▸ **What you are asked to do**:
A verbatim copy of the listing is what is needed, minus any pictures.

▸ **Data provided**:

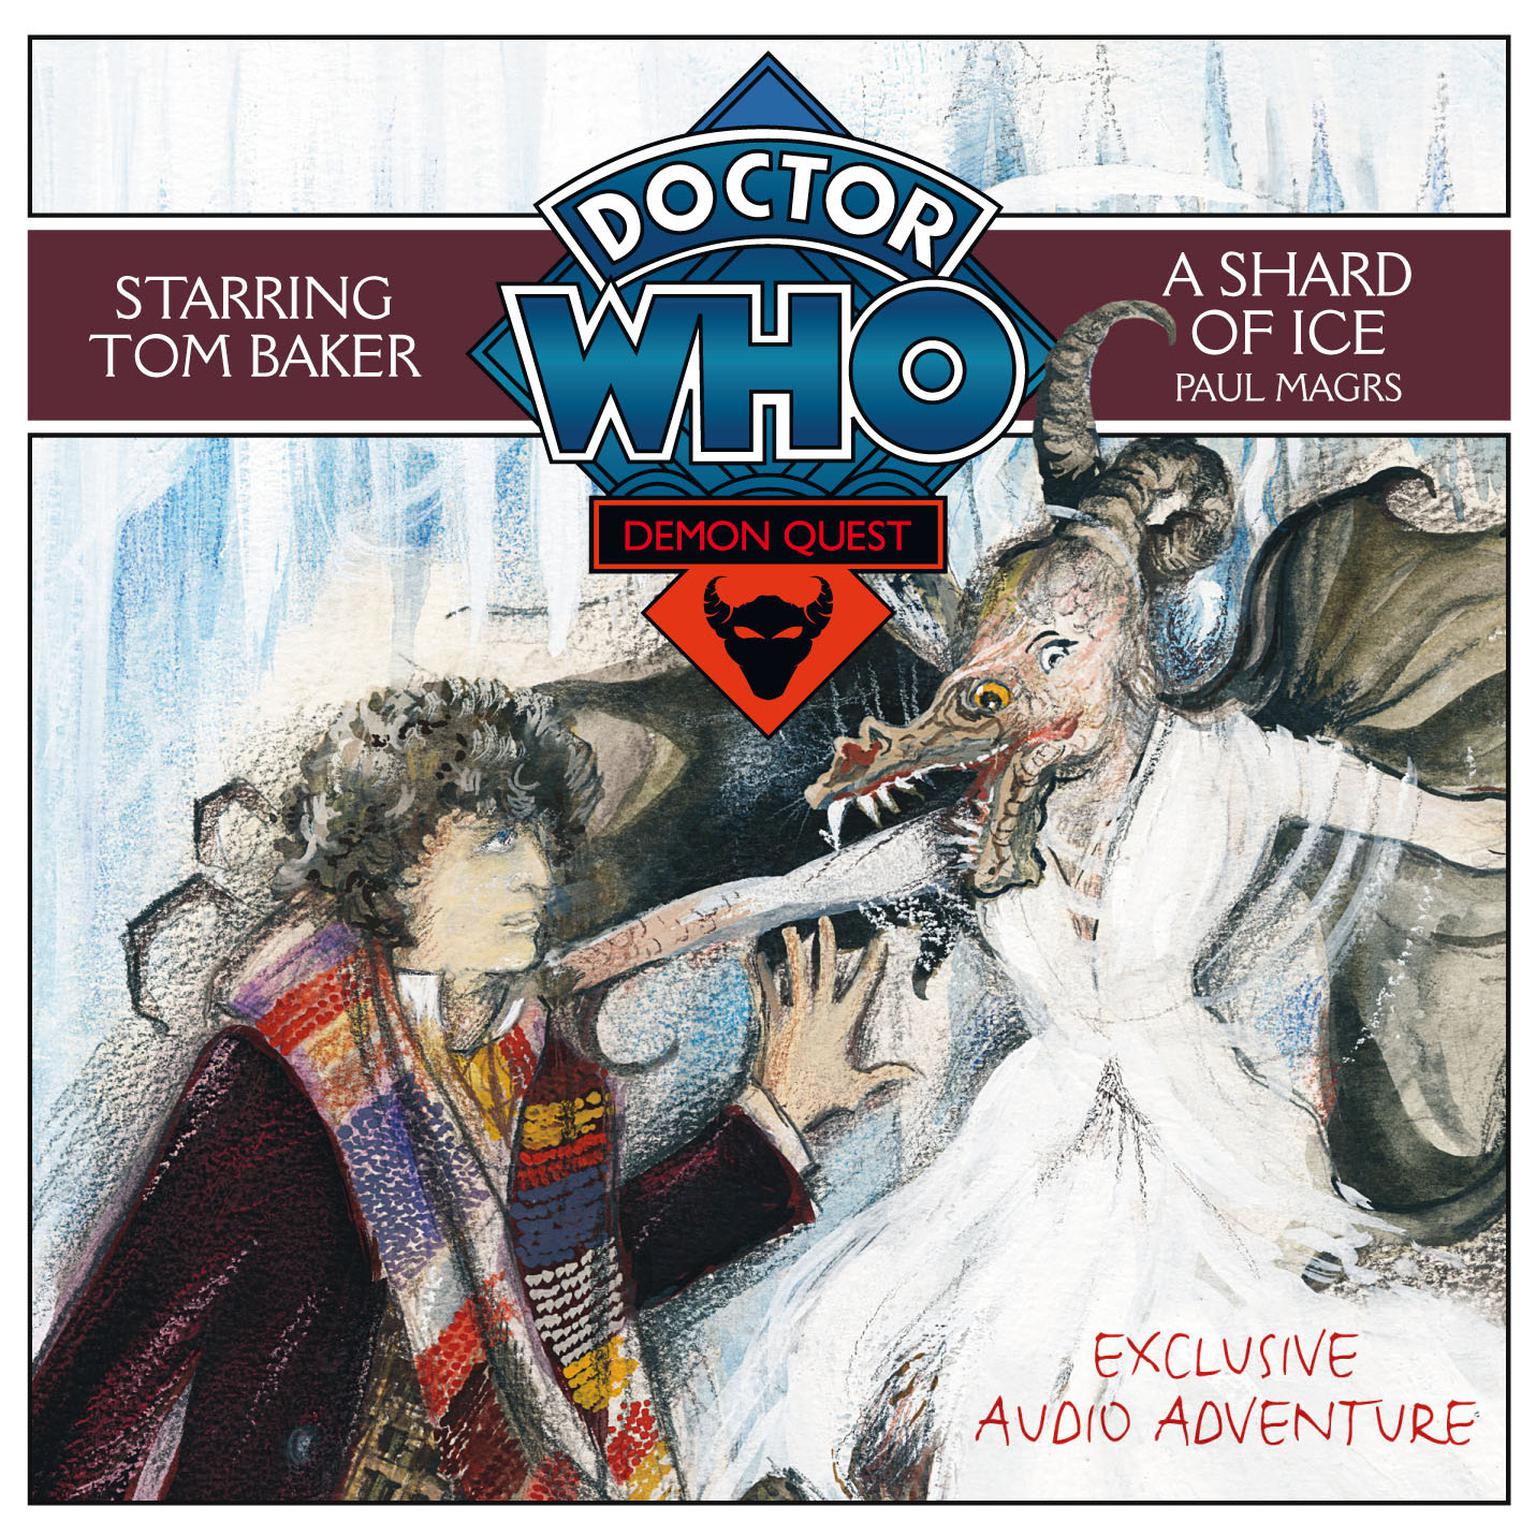 Doctor Who: A Shard of Ice Audiobook, by Paul Magrs
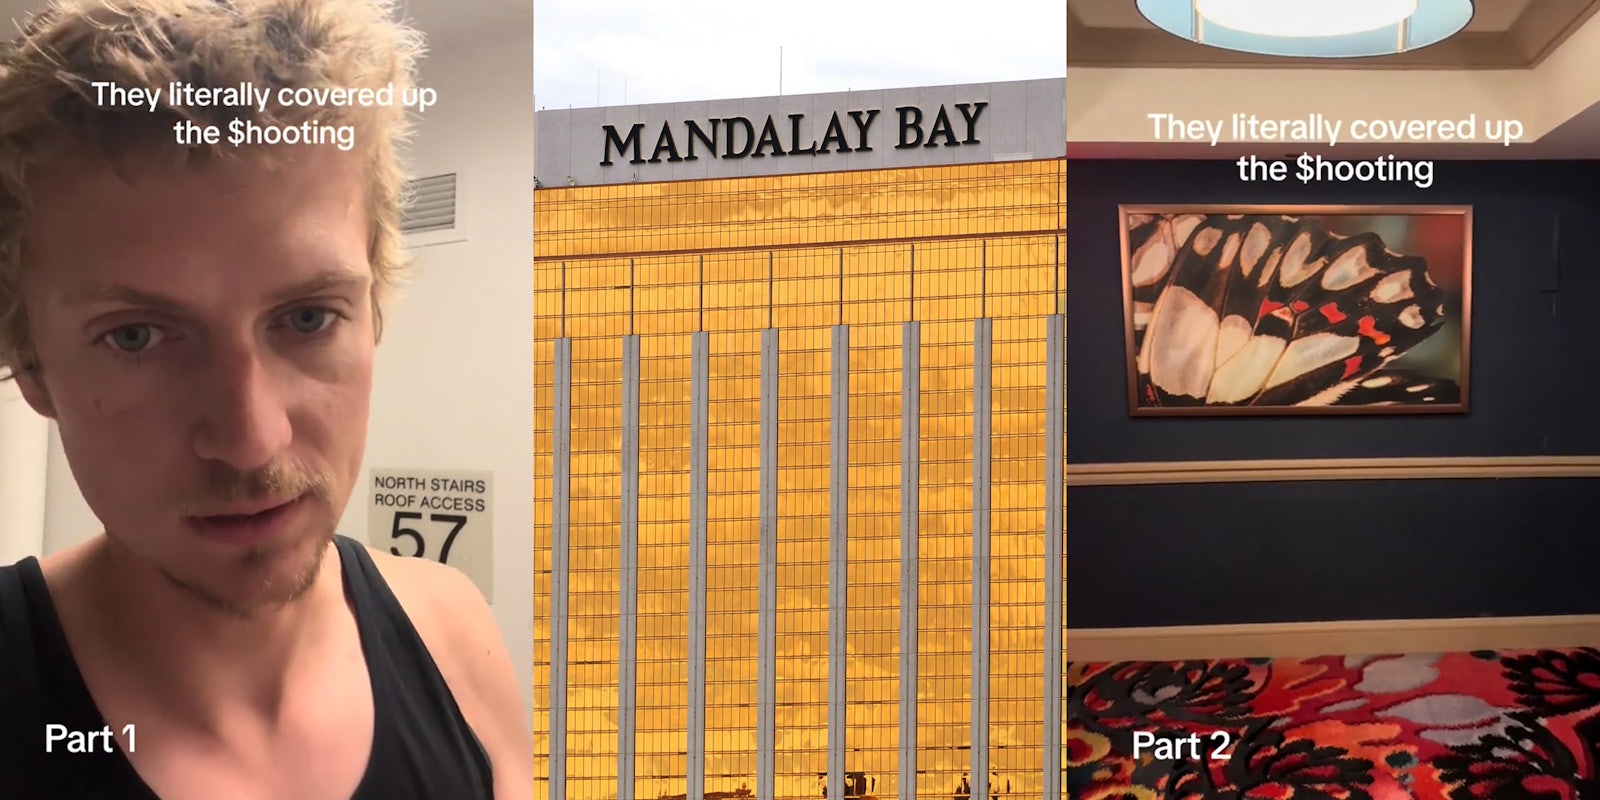 man speaking in Mandalay Bay level 57 with caption 'They literally covered up the $hooting Part 1' (l) Mandalay Bay building with sign (c) Mandalay Bay room with painting on wall with caption 'They literally covered up the $hooting Part 2' (r)
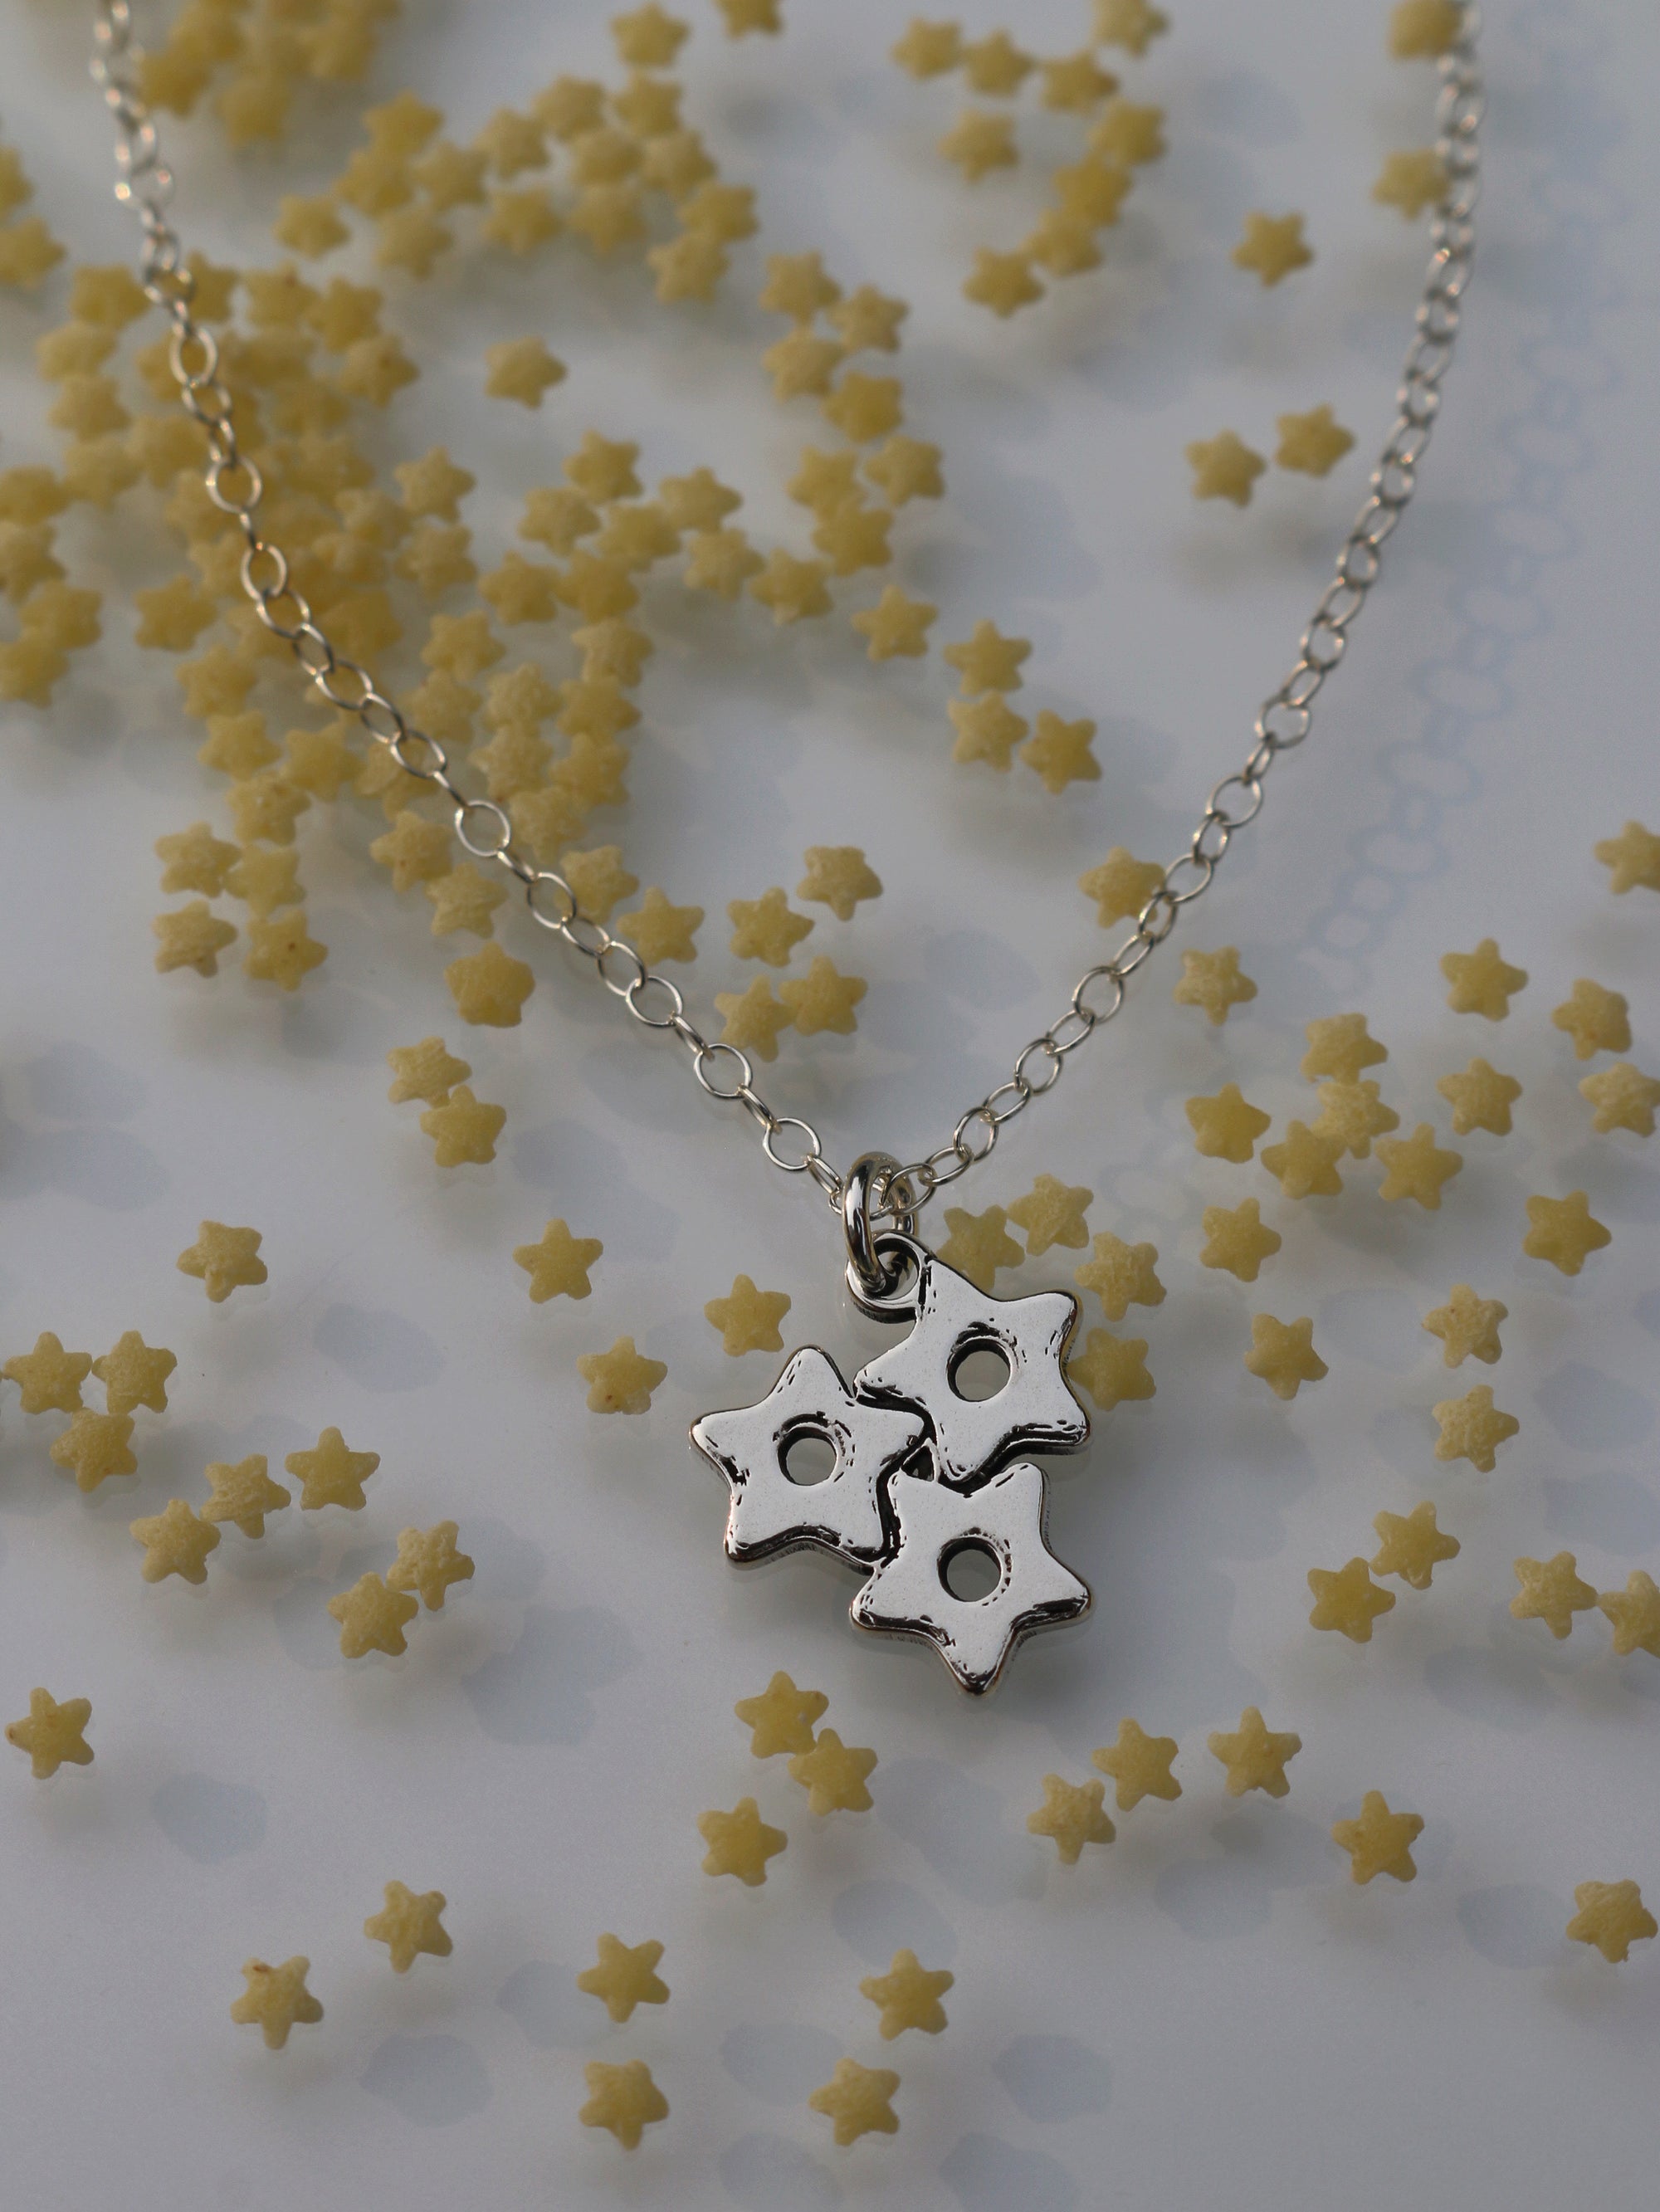 Star Pastina Pasta Necklace - Sterling Silver

▸ **Response to the exercise**:
 Doctor Who: A Shard of Ice Audiobook, by Paul Magrs
 man speaking in Mandalay Bay level 57 with caption 'They literally covered up the $hooting Part 1' (l) Mandalay Bay building with sign (c) Mandalay Bay room with painting on wall with caption 'They literally covered up the $hooting Part 2' (r)
 Star Pastina Pasta Necklace - Sterling Silver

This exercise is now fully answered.